Is the church in recession or just on recess?

AP’s Rachel Zoll provides us with Religious life won’t be the same after downturn, the latest mass media update on how we Christian orgs are all faring amidst this recession:

  • Faith Communities Today’s David Roozen is projecting 320,000 to 350,000 congregations in economic distress in 2010. That’s around 1 in every 7.
  • The Association for Christian Schools International reports the closure or merger of 200 Christian schools, up 50 from last year.
  • 80 seminaries who are members of the Association of Theological Schools have seen their endowments drop by 20%.

My question: Was this something done to us…or something we did to ourselves?

Bishop Noel Jones, pastor of City of Refuge in Los Angeles, in MinistryToday:

We have endured 25 years of health, wealth and prosperity preaching, and the prophets should have told us that we were going to be in this kind of situation and circumstance since they have such ‘prophetic’ words. What happened is the church has capitalized the gospel and we have preached Americanism for gospel, and ultimately we ended up crashing because there is no credulity and authenticity in the whole presentation. The only people who were making any real money were those who were expostulating the theology that left the psychology that debilitated the minds of those who were involved. The debilitation is that everybody expected to bring an offering in church and just get rich though nobody participated and partnered with God. Because at the end of the day nobody receives a check in an envelope postmarked from heaven. It’s your participation that makes it happen. … The ministry and the preachers have taken so much money from the church and lived lavish lifestyles. We need to put something back. We need to equip our people. As James puts it, very explicitly, ‘Faith without works is dead.’ We co-create, we perpetuate God’s creation by functioning responsibly. So what everybody was talking about as God’s blessing was people living on credit. And the Bible says that the borrower is subject to the lender. So Christian America simply joined the capitalistic bandwagon and-in the name of God-articulated a theology that has no credulity.

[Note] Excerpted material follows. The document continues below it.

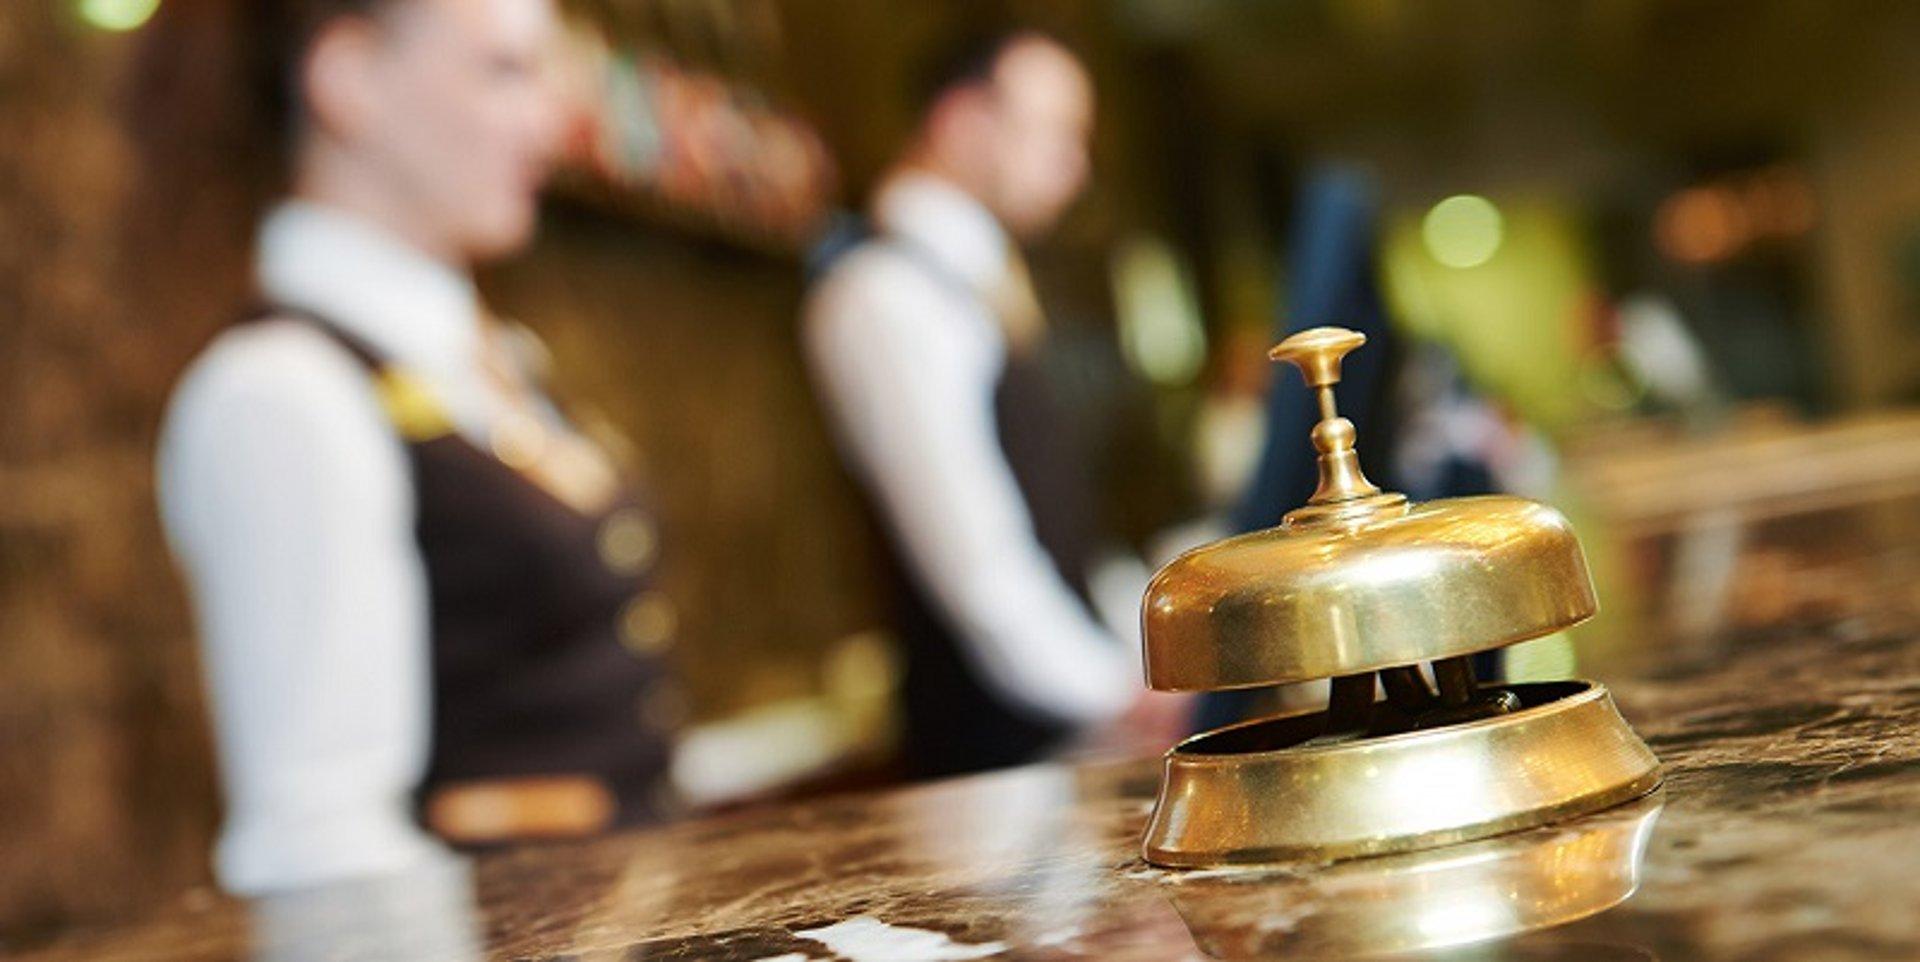 Lavoratori - Formazione generale e specifica Basso rischio Turismo - 8 ore

Ring the bell. School’s now in session.

About Pastor Foley

The Reverend Dr. Eric Foley is CEO and Co-Founder, with his wife Dr. Hyun Sook Foley, of Voice of the Martyrs Korea, supporting the work of persecuted Christians in North Korea and around the world and spreading their discipleship practices worldwide. He is the former International Ambassador for the International Christian Association, the global fellowship of Voice of the Martyrs sister ministries. Pastor Foley is a much sought after speaker, analyst, and project consultant on the North Korean underground church, North Korean defectors, and underground church discipleship. He and Dr. Foley oversee a far-flung staff across Asia that is working to help North Koreans and Christians everywhere grow to fullness in Christ. He earned the Doctor of Management at Case Western Reserve University's Weatherhead School of Management in Cleveland, Ohio.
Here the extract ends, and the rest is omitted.